Task requirements: Retype the whole listing, please, keeping every line exact and dropping the pictures.

Supplied information:

- - - - - - -

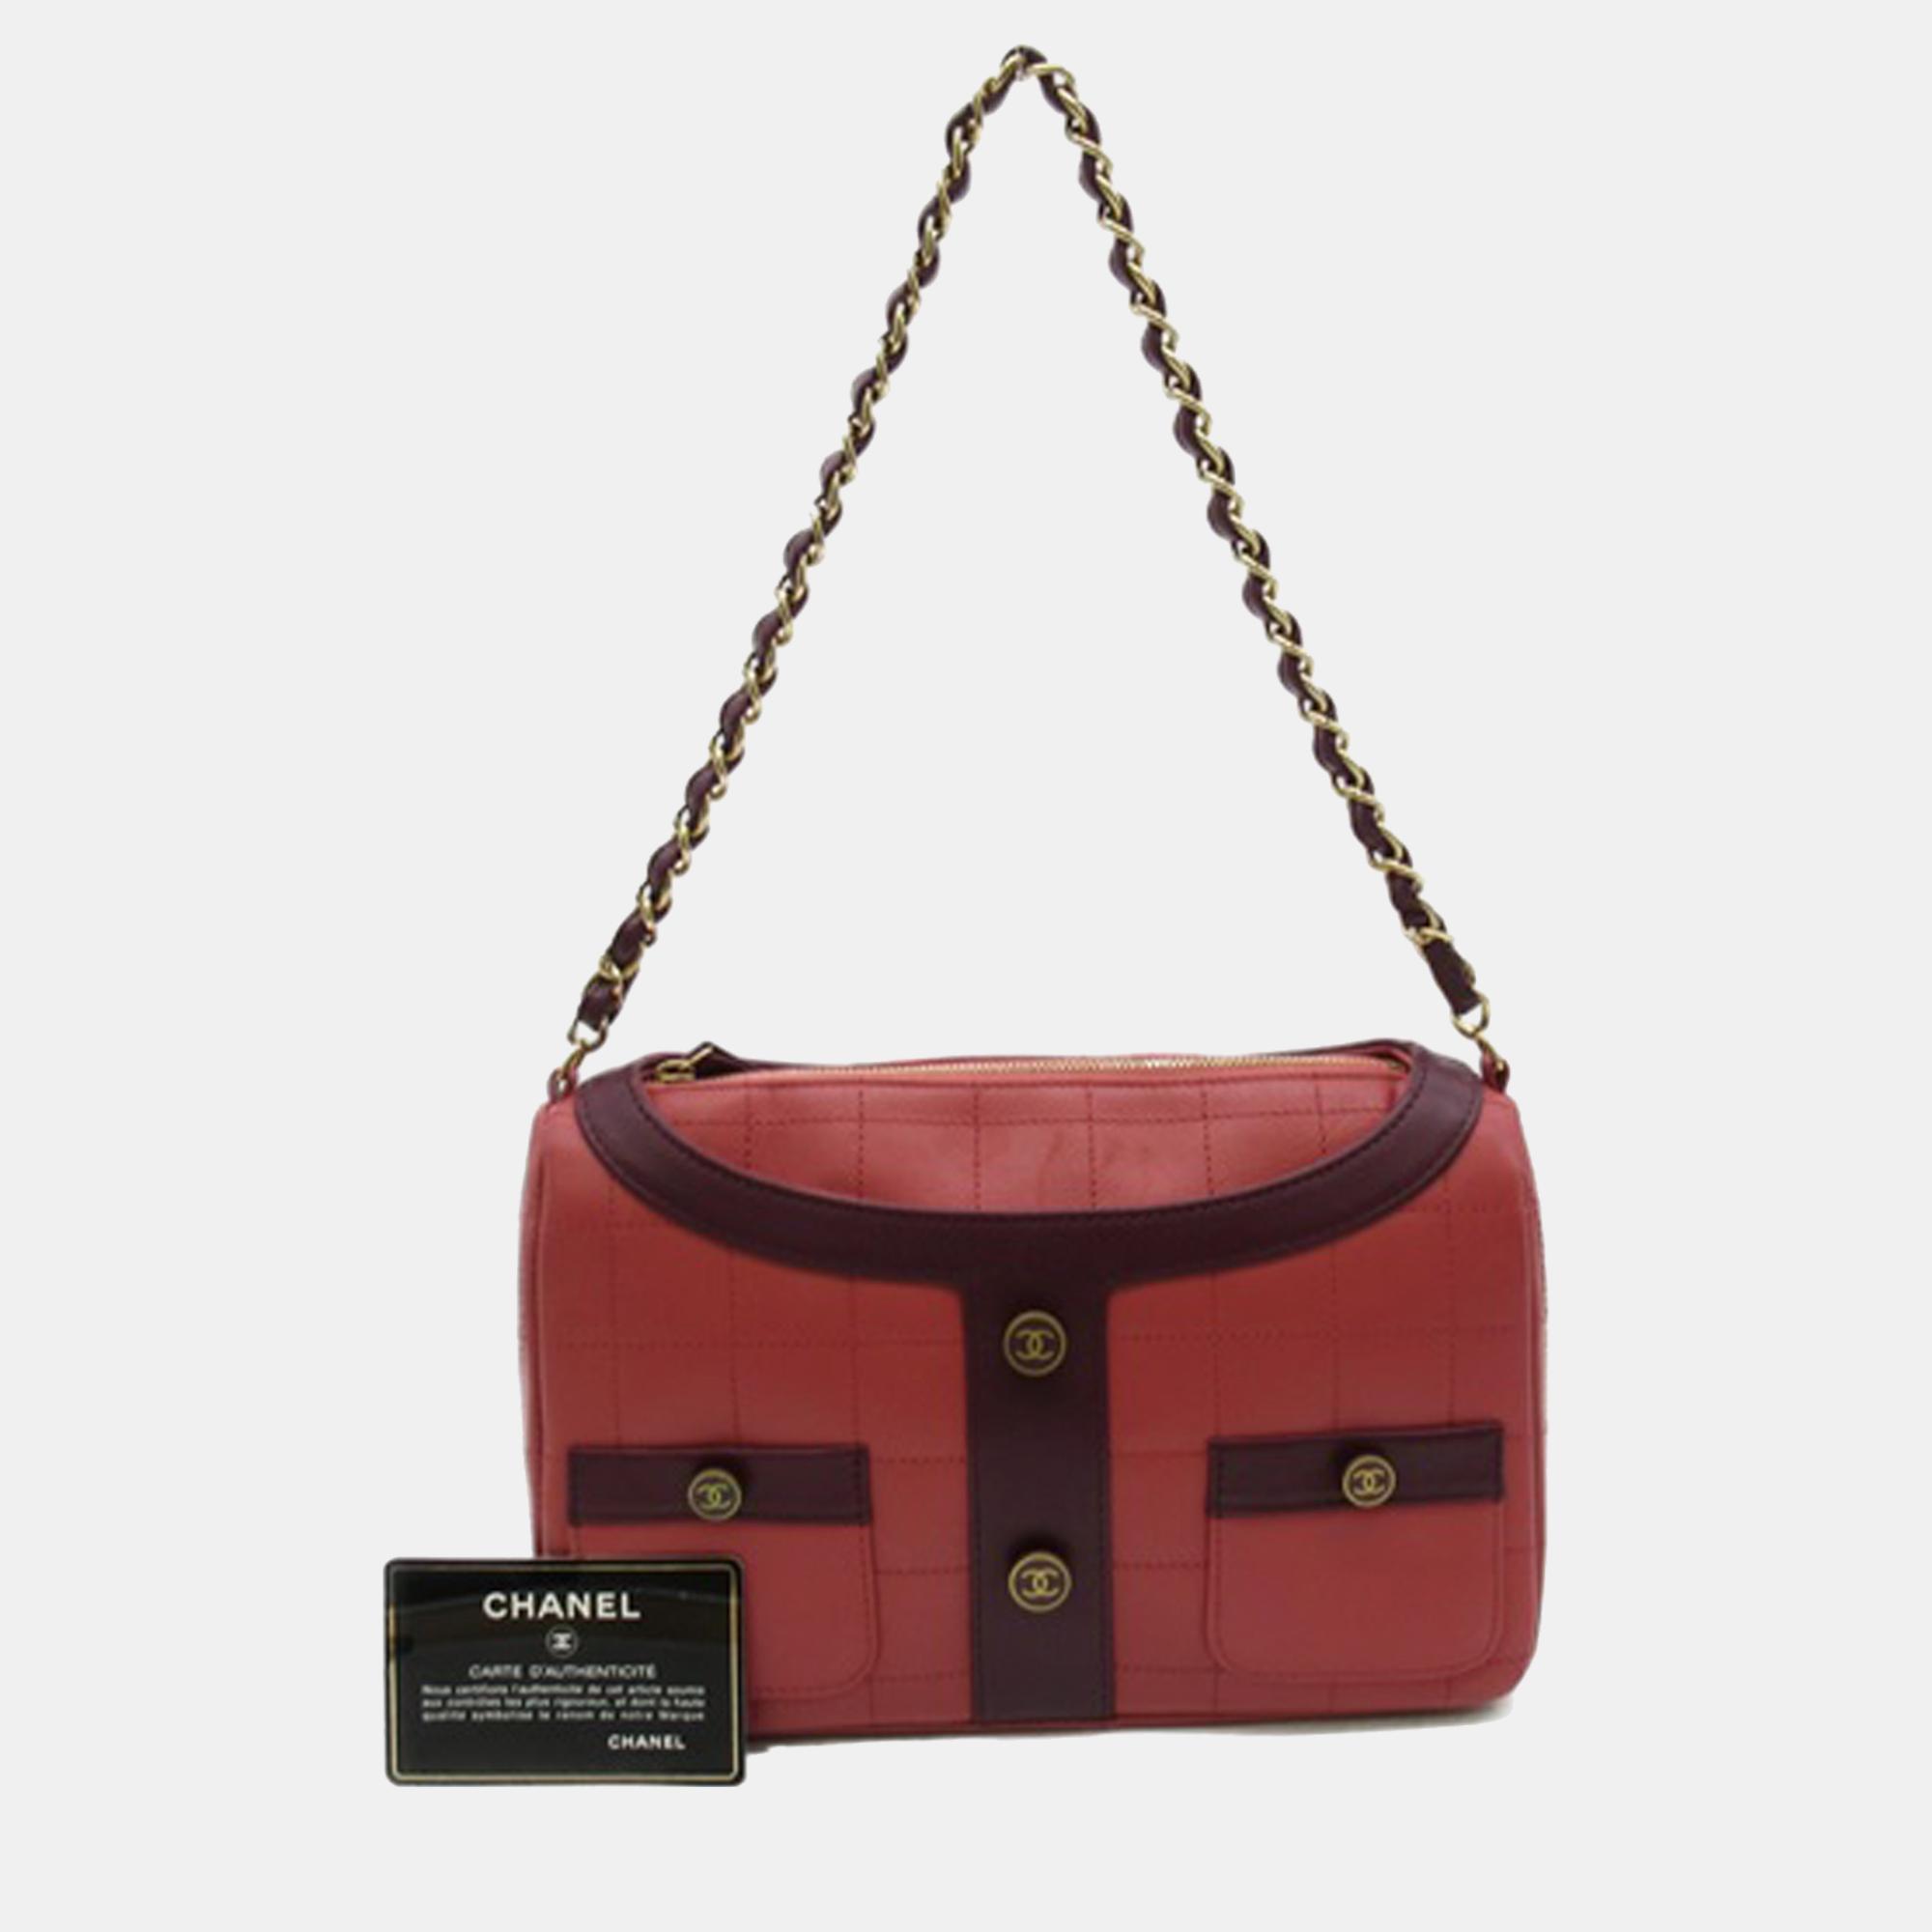 Chanel Red Mademoiselle Jacket Bag
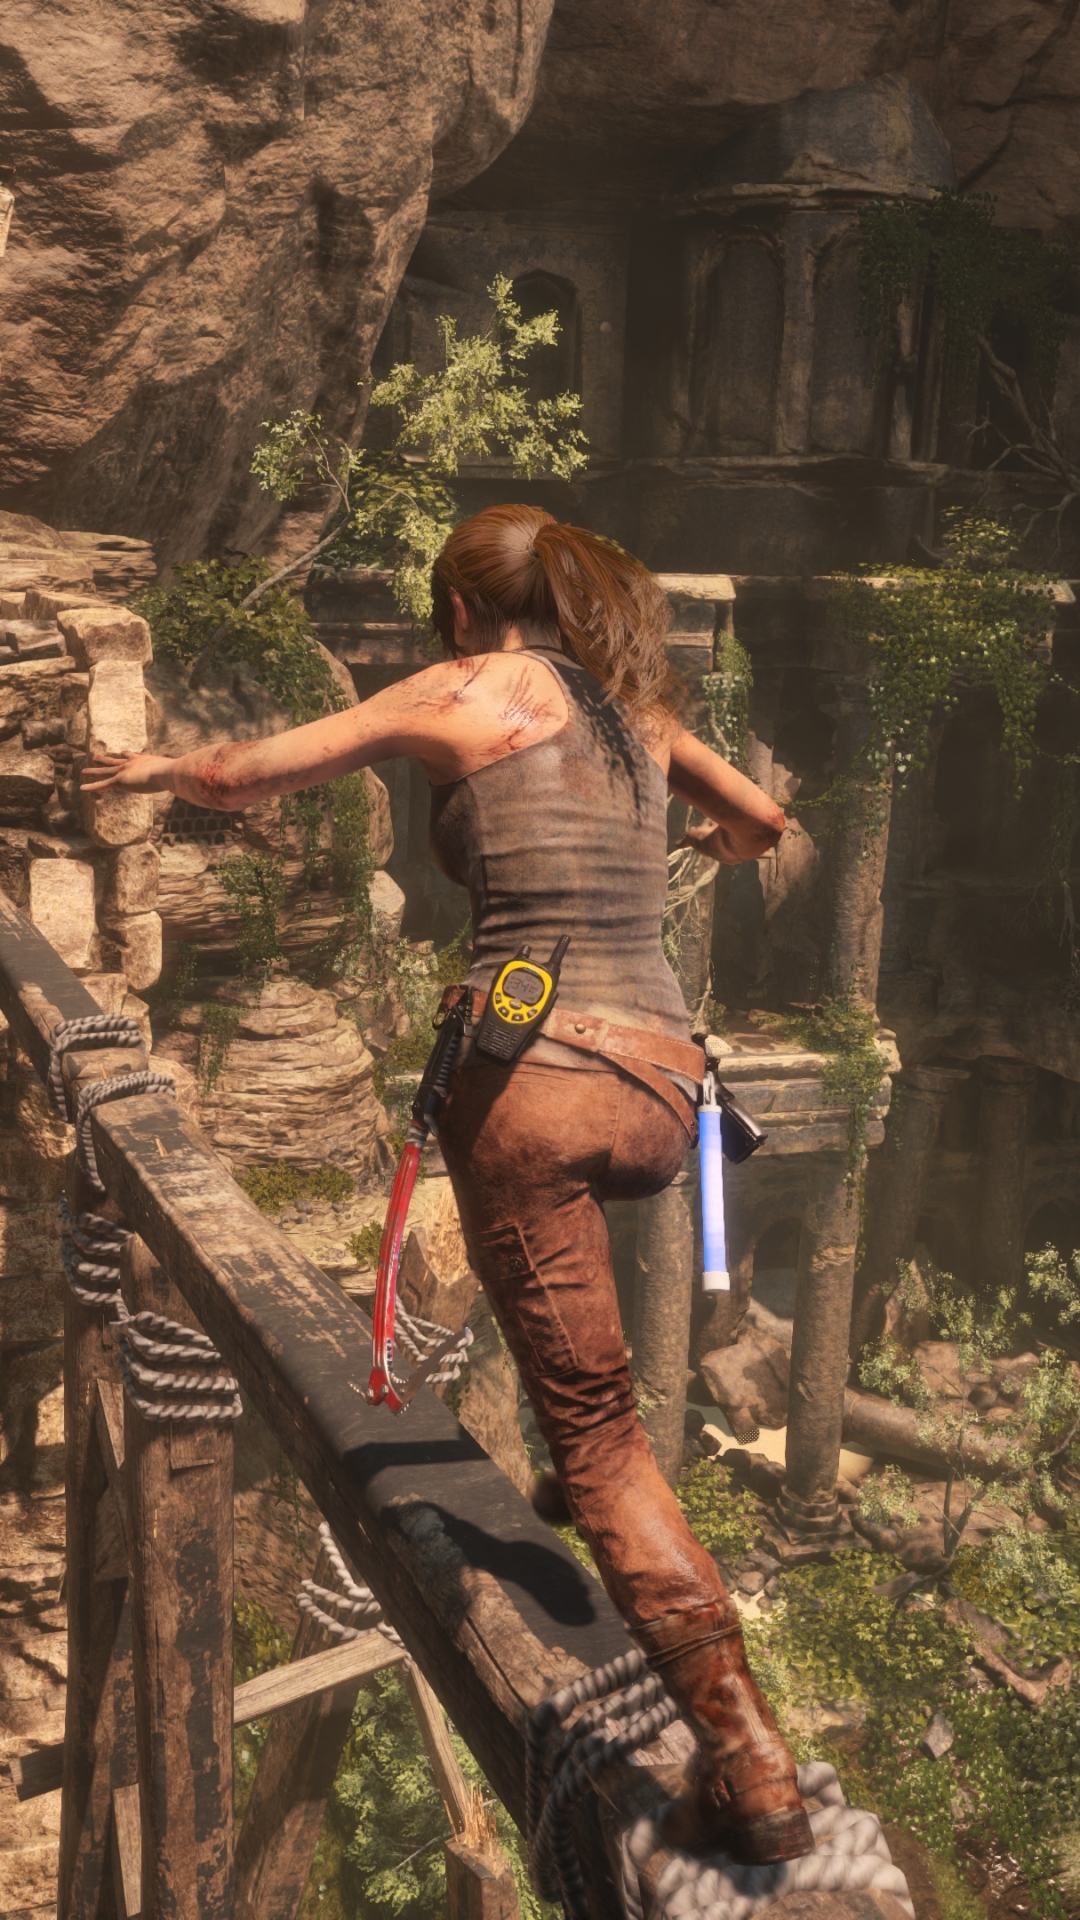 Descarga gratuita de fondo de pantalla para móvil de Tomb Raider, Videojuego, Rise Of The Tomb Raider.
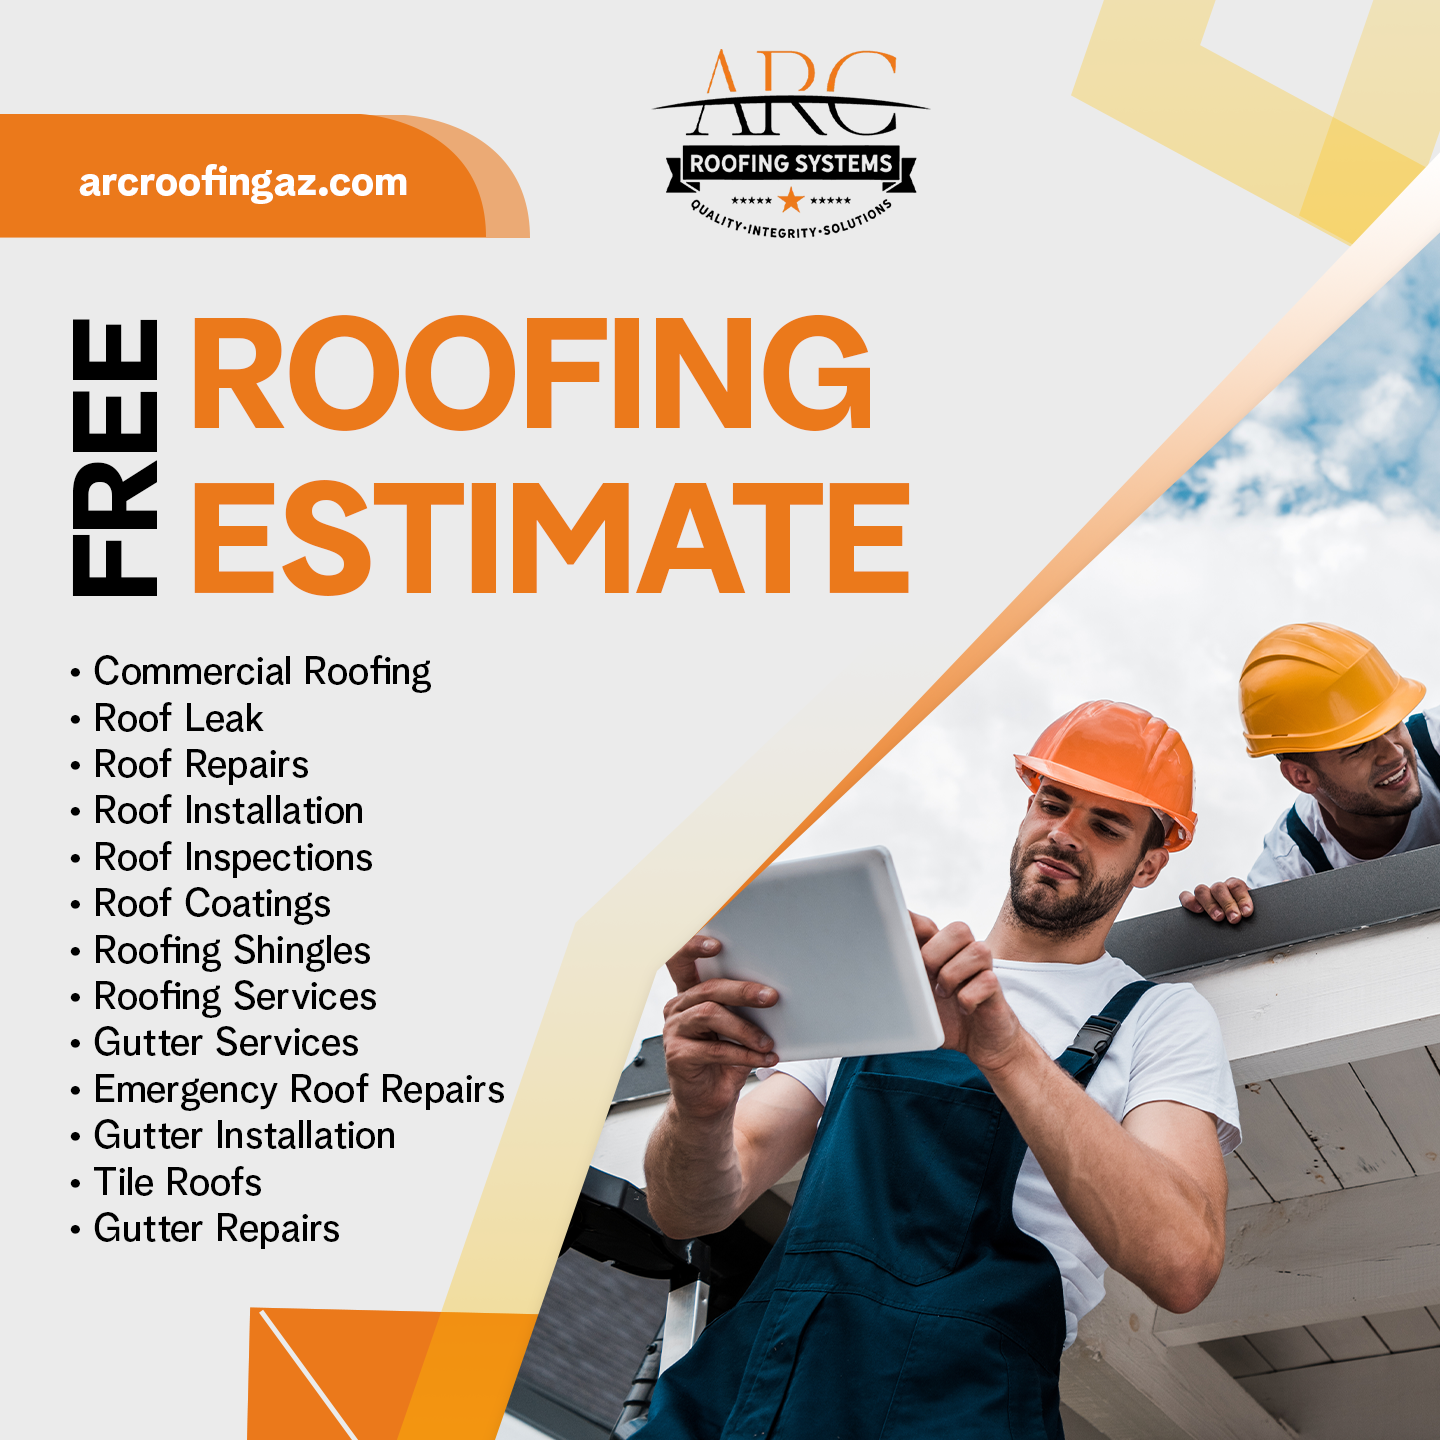 Arizona roofing service listings

- - - - - - -

Task output:
 Chanel Red Mademoiselle Jacket Bag
 Descarga gratuita de fondo de pantalla para móvil de Tomb Raider, Videojuego, Rise Of The Tomb Raider.
 Arizona roofing service listings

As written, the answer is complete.